More than 670,000 California workers were injured on the job in 1997, the latest year for which statistics are available, and the National Safety Council says that figure is rising. These injuries have broad repercussions, because employees struck down by work-related illness aren't the only ones who suffer. Lost production time and health insurance payouts affect a company's bottom line as well.
Many accidents occur in historically high-risk jobs, such as mining, meatpacking and law enforcement. But workers in offices, the high-tech industry and the burgeoning service industry aren't exempt either. Back problems and repetitive strain injuries, for instance, afflict highly paid white-collar professionals as well as poorly paid factory workers and everyone in between, experts say.

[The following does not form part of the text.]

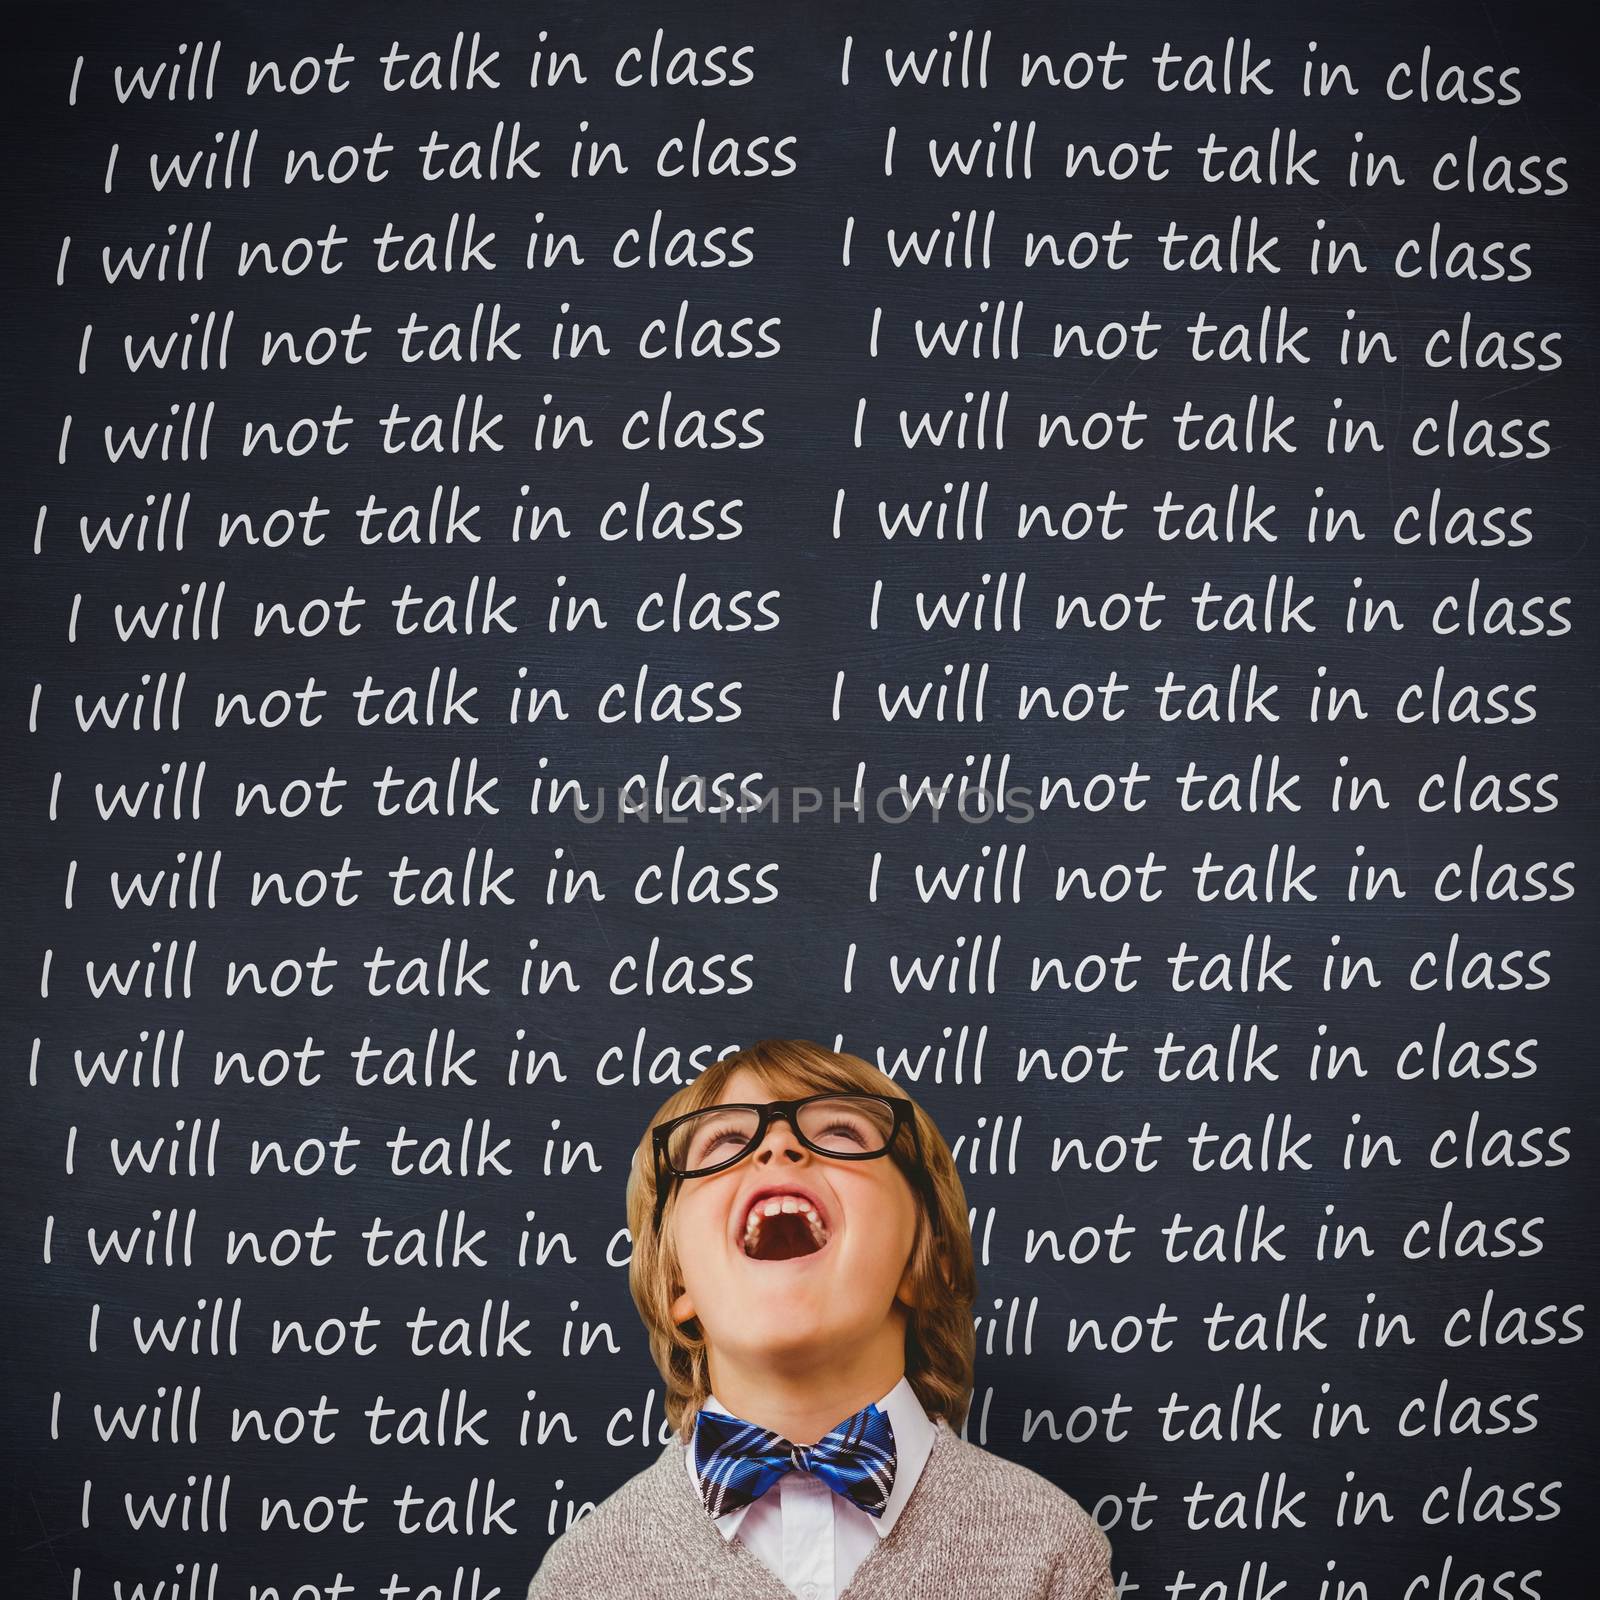 Composite image of cute pupil dressed up as teacher by Wavebreakmedia

Take the federal agency that gave us the lamentable phrase "going postal." Postal delivery people face dangers such as being bitten by dogs and getting shot at, says Marianne Brown, director of UCLA's Labor Occupational Safety and Health Program. In addition, "mail sorting still isn't completely mechanized so they have a lot of repetitive motion disease in the U.S. Postal Service," Brown says.
In general, employees who don't speak English are at higher risk for injuries, says Michael Kushner, who oversees health and safety training for the Service Employees Union International. Unskilled immigrants often take dangerous jobs because those are the only labor options open. An inability to read warning signs posted in the workplace or booklets handed out by management also makes them more vulnerable to potential injury.
Health-care workers are another group at risk. From doctors to nurses' aides, these employees are vulnerable to contracting diseases transmitted by contaminated blood, saliva and air. Some workers are at special risk for contracting airborne diseases such as tuberculosis, because they're exposed to certain populations that have higher rates of the disease, such as the poor, homeless and unvaccinated immigrants. And accidentally pricking oneself with a contaminated needle can expose a health worker to HIV, the virus that causes AIDS, or hepatitis B and C.
Last year, Cal-OSHA recorded about 100,000 accidental needle sticks in California, which so alarmed state officials that they passed a new law. As of July 1, the state requires medical employers to buy special needles with built-in safety features that decrease the risk of accidental sticks.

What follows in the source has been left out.